Players on every team called Canada the favorite, but the U.S. was alone in constructing a team with the two-time Olympic and world championship winners in mind.

“We clearly put an emphasis on that from day one,” Lombardi said. “What could we have done better here to raise our emotional levels. I think for sure, if you were coming here to win this thing, it clearly goes through Canada.”

Canada beat the U.S. 4-2 Tuesday in a game that wasn’t as close as the score. It wasn’t nearly as competitive as two exhibition games against Canada, which Lombardi said might’ve had too much of an impact as Tortorella constantly tinkered with his lineup.

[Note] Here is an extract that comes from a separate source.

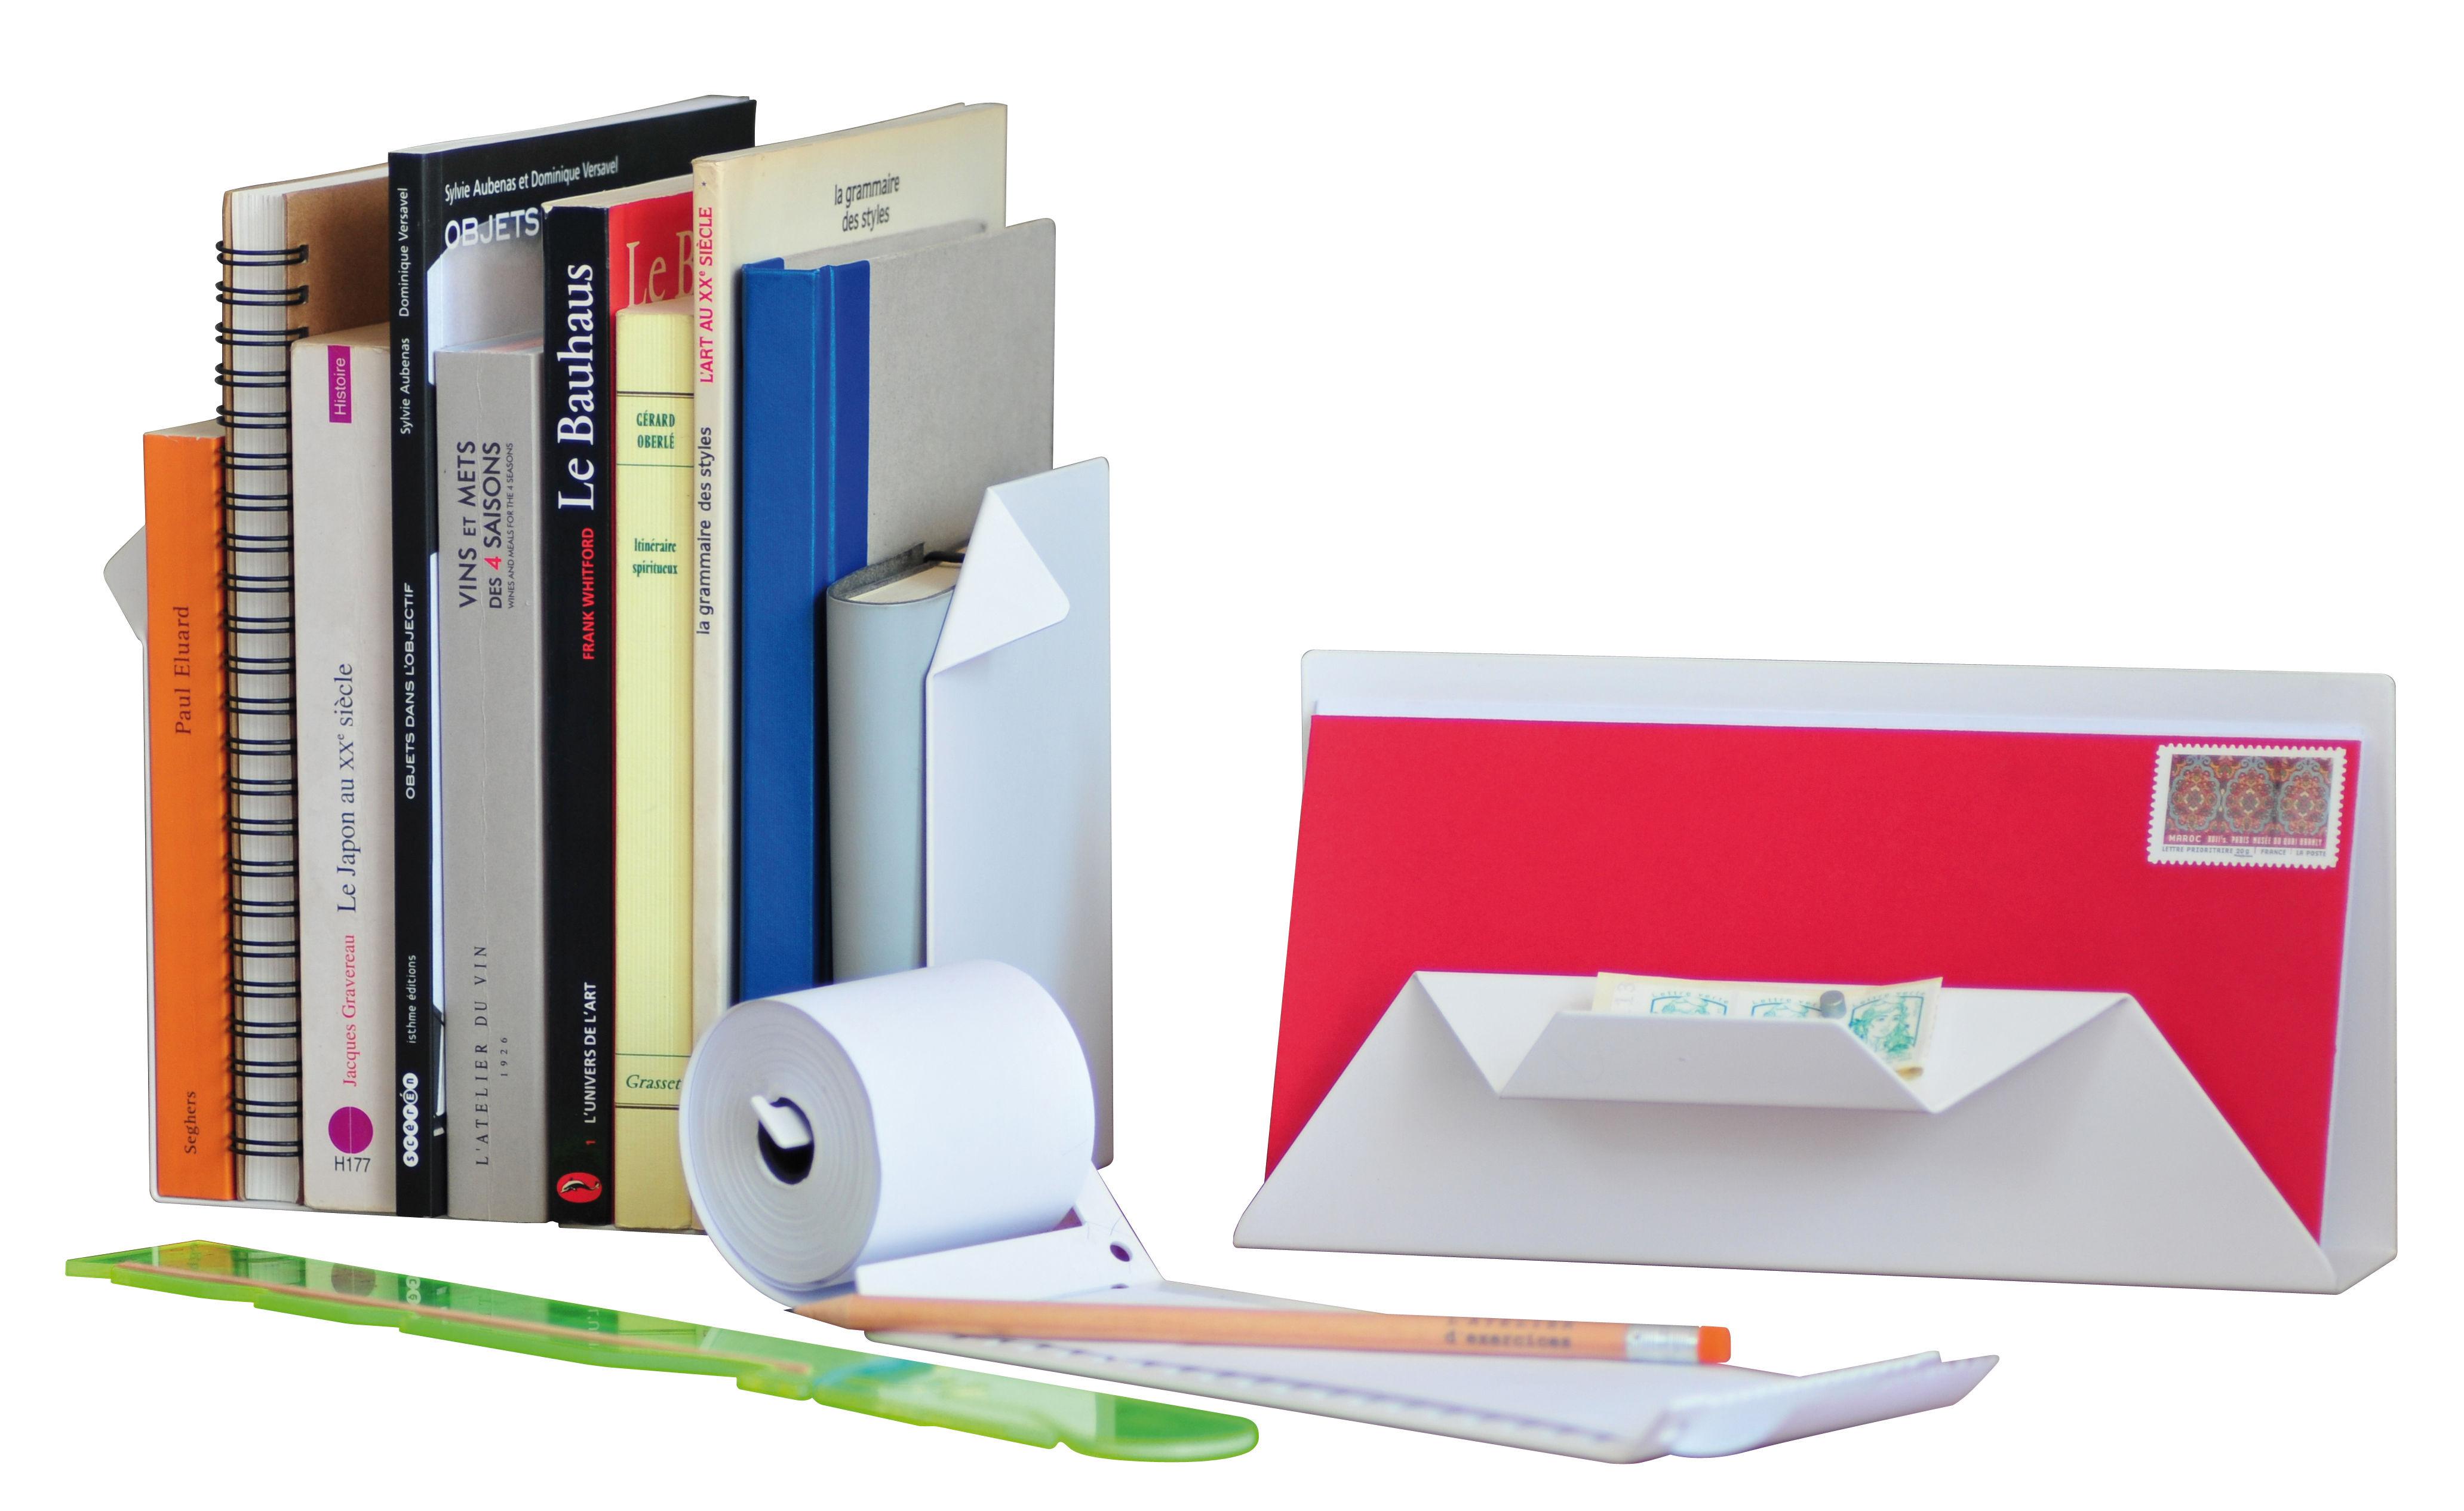 Accessori moda - Accessori ufficio - Set Office - / 5 accessori da scrivania di L'atelier d'exercices - Bianco / Righello giallo - Acciaio verniciato, Materiale plastico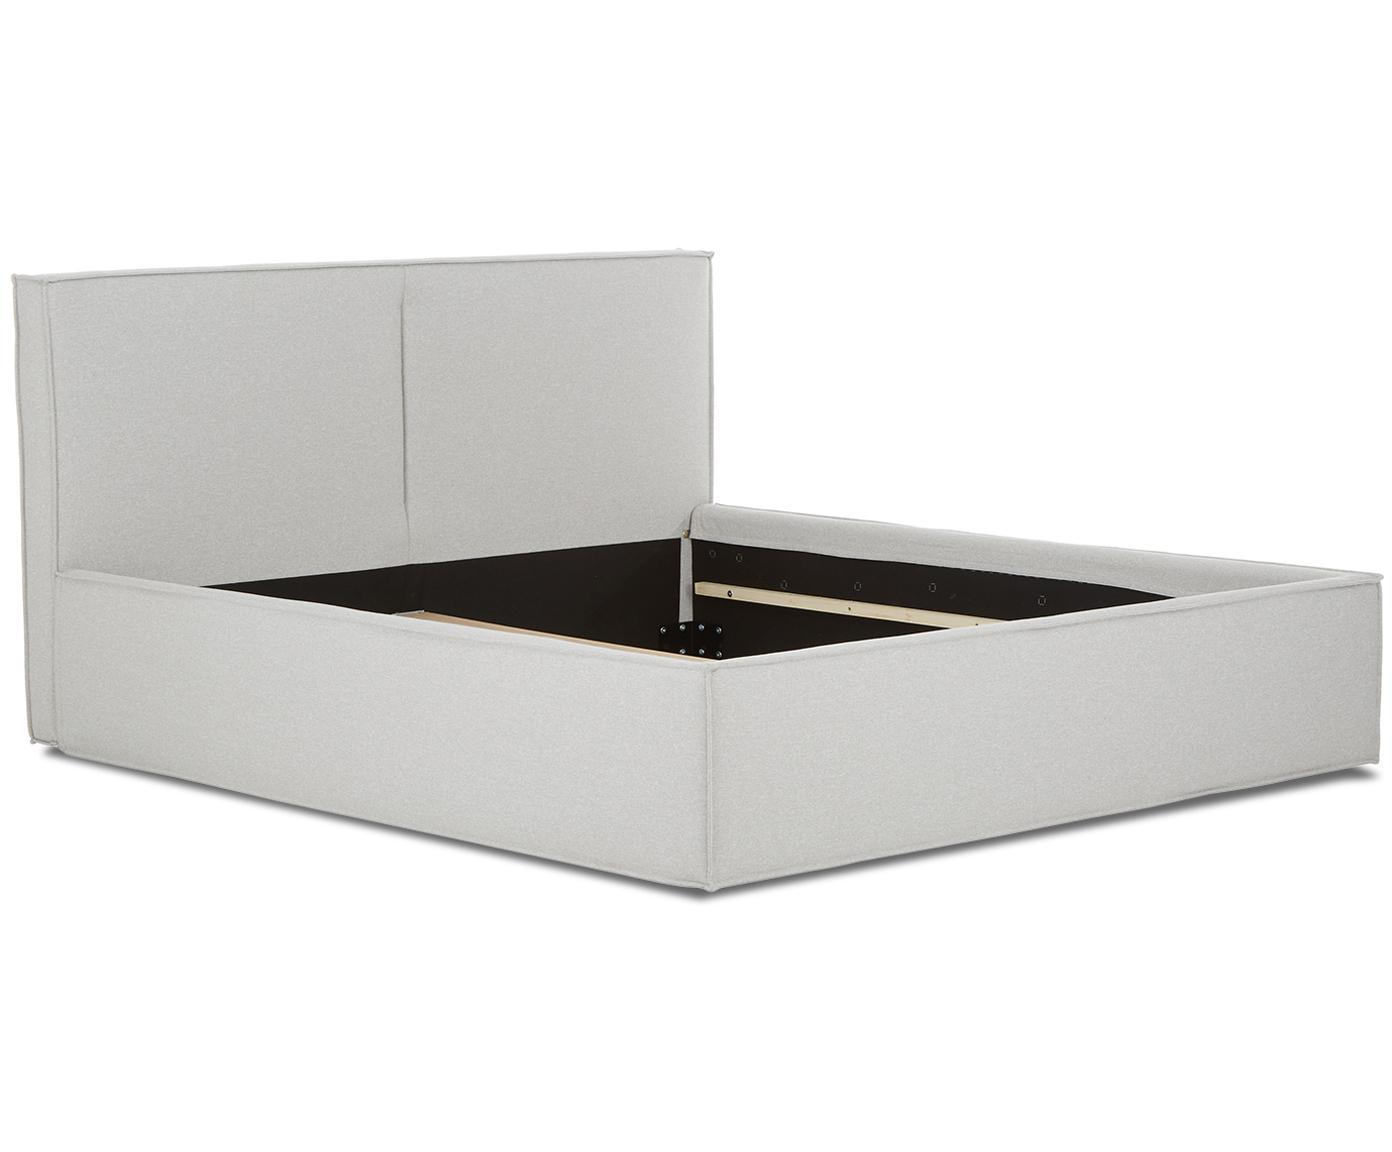 Łóżko tapicerowane Dream, Korpus: lite drewno sosnowe, Tapicerka: poliester (materiał tekst, Jasny szary, 180 x 200 cm

Line juggling prevented the Americans from developing any real chemistry. But Lombardi was more concerned about players not being mentally ready for or respecting Team Europe in the first game and looking ahead to Canada.

“I think even the connotation was ‘Europe,’ so it wasn’t a real team,” Lombardi said. “It was kind of like, it’s not the same as when you’re going up against this is what these tournaments are all about, and that’s the nationalism factor. I think just even the name, you kind of just said, ‘Ah, let’s get through this and get to these guys.’”

Those guys were the Canadians, who went 3-0 and outscored opponents 14-3 in round-robin play and are clear favorites going into the semifinals this weekend. Tortorella doesn’t regret making Canada the focus even as the U.S. goes home.

“We failed,” Tortorella said. “Our thoughts were right at Canada. That’s who teams have to go through to win. We could not out-skill them, and I have to be honest about that. You have to make adjustments. I thought we did it the right way, I thought Dean did it the right way, but the offensive part falls on me to not getting the combination that worked.”